The Year Before the Flood

Music, race, politics, and history come together in this author’s examination of the year he spent in New Orleans.

The Year Before the Flood: A Story of New Orleans By Ned Sublette Lawrence Hill Books 452 pp., $27.95

In December of 2004 my husband and I took a short vacation in New Orleans. Like hundreds of thousands of tourists before us, we fell completely under the city’s odd spell. In fact, I have a vivid memory of experiencing a moment of total bliss as we strolled a funky stretch of Magazine Street one sunny morning. Who could have imagined that nine months later that same block would be a morass of broken signs and spray-painted plywood?

Ned Sublette – who lived in the city at that exact time – did have such a premonition. “They’re all in denial,” he told a friend one night the spring of 2005 as they traveled uptown to hear some jazz. Throughout the months he spent in New Orleans, he says, he was constantly haunted by the feeling that the life around him was “imperiled.”

The Year Before the Flood tells the story of the blissful yet troubled, intense but joyous, never-entirely-comfortable year that Sublette spent in New Orleans. It also happened to be the year before the city was struck by hurricane Katrina.

Sublette was a Tulane Rockefeller Humanities Fellow at Tulane University for the school year of 2004-2005. Out of that experience came his excellent history “The World that Made New Orleans” (2008). But his experiences had left him with another, more personal book yet to write – story of the year he spent in New Orleans, brutally punctuated by the city’s devastation at the hands of Katrina.

He didn’t come to Louisiana as a stranger. Sublette actually spent the first nine years of his life in Natchitoches, La. But he has since passed most of his adult life in New York, and when he and his wife, the writer Constance Ash, arrived for his fellowship New Orleans was in most senses foreign territory for them – a sensation that was alternately delightful and terrifying.

They rented a 1880s home in the Irish Channel district, charmed by its old floors and 14-foot ceilings and the way they were lulled to sleep by the sound of passing trains from the other side of the Tchoupitoulas wall.

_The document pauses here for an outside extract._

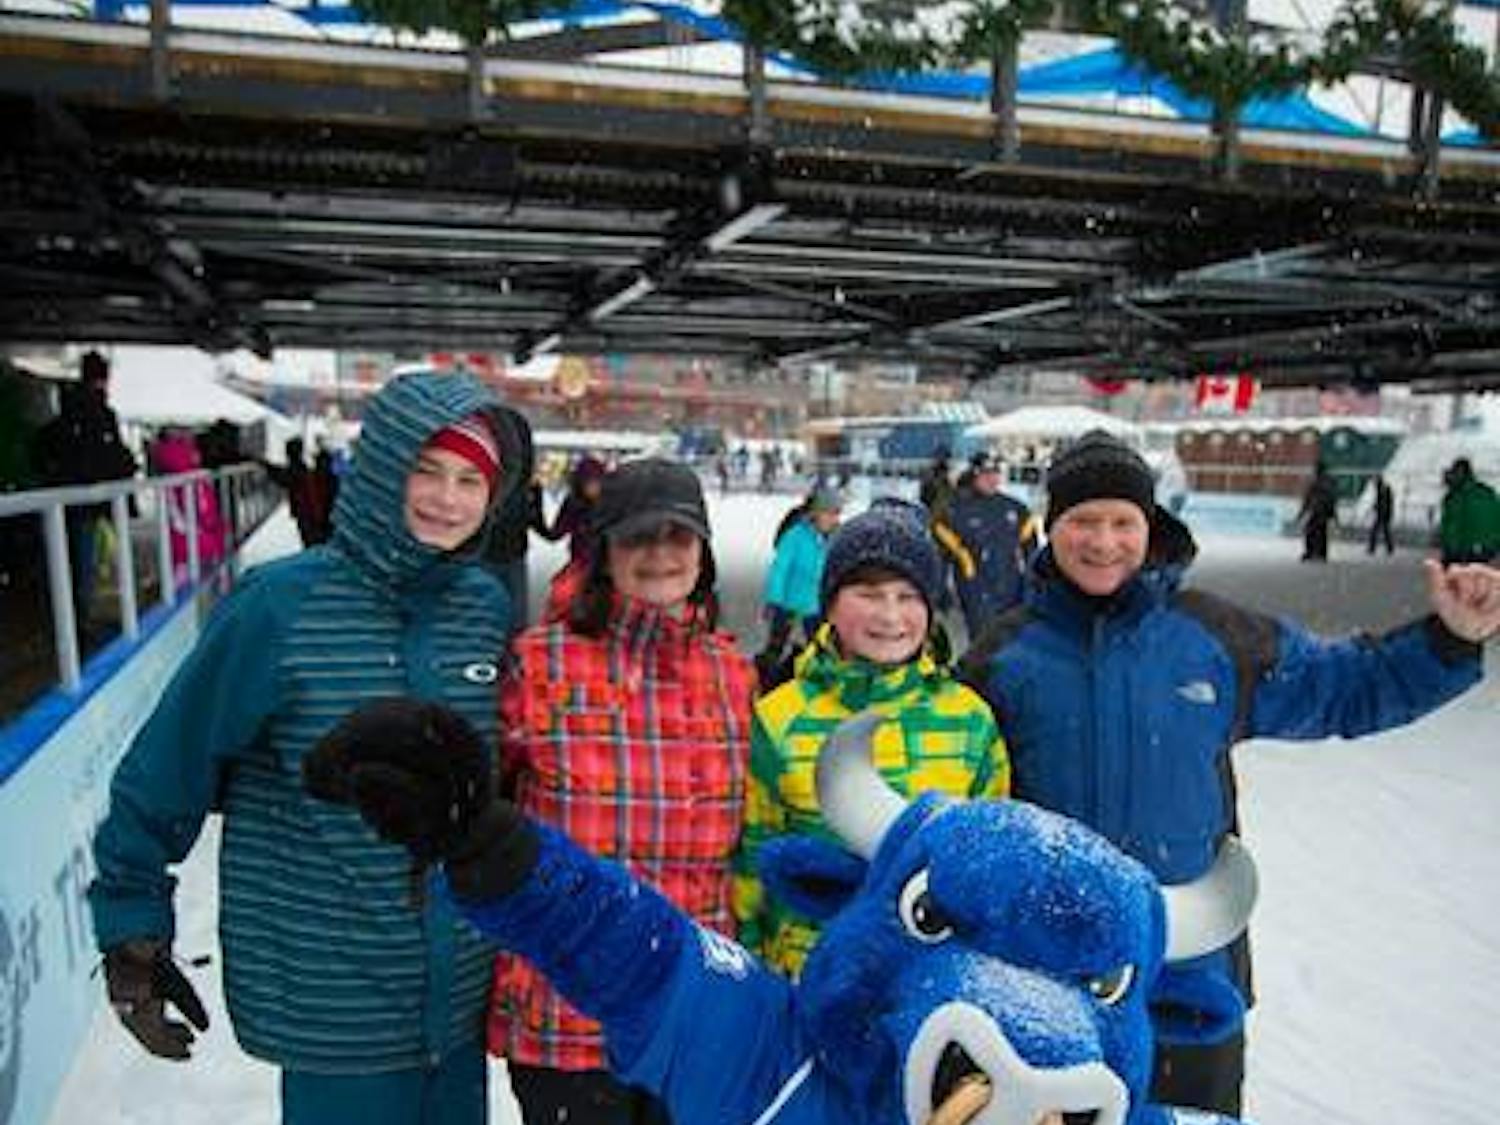 UB Alumni Association helped host an event at Canalside last winter. All UB alumni will soon be able to attend all Association events without having to pay a membership fee.

They were charmed, that is, until they met a neighbor who casually said, “Oh, that’s the house where that boy got killed.” It turns out a previous tenant, a Tulane student, had been stabbed to death there by two intruders looking for money.

It’s hard to say how much of “The Year Before the Flood” is really about Sublette and how much is about New Orleans. Most of the time, the two seem intertwined. The fear of violence that Sublette and his wife were never able to shake throughout their time there permeates much of the city history that Sublette relates. Yet the intense joy that he takes in the city’s music (Sublette has a rich background as musician and music historian – he’s also the only person I’ve ever heard of to graduate from the University of New Mexico with a degree in guitar) is also a major part of the book and of the music history that he shares.

The Sublettes eventually settle in, learning to develop “a crescent-shaped sense of direction” so they can navigate the city, and fall in line with its traditions. They marvel at Mardi Gras (although it’s the African-American traditions – especially the dancing of the New Orleans Indians – that fascinate them most) and Sublette’s descriptions here are vivid and evocative. Sublette enjoys going out to hear live music several times a week but Constance prefers to stay home – always a problem because he can never shake his fear of her being alone in their house after dark.

It is JazzFest, however, that finally drives them out of New Orleans. A drunken reveler finds his way into their bedroom (actually trying to access an apartment above them) but they cannot recover from the incident and they leave New Orleans in May, a month earlier than scheduled.

Then, in August, they hear of the storm descending on the city and Sublette’s darkest forbodings for the city seem to be realized.

Sublette mentions his disdain for the “dreaded gumbo metaphor” so often trotted out when people write of New Orleans. Too bad, because that’s just what “The Year Before the Flood” is – a highly seasoned mix of music, race, politics, history, city lore, and personal tale.

“The Year Before the Flood” is a glimpse of America’s most idiosyncratic city through a highly personal lens. But beware – it may also break your heart.

Marjorie Kehe is the Monitor’s book editor.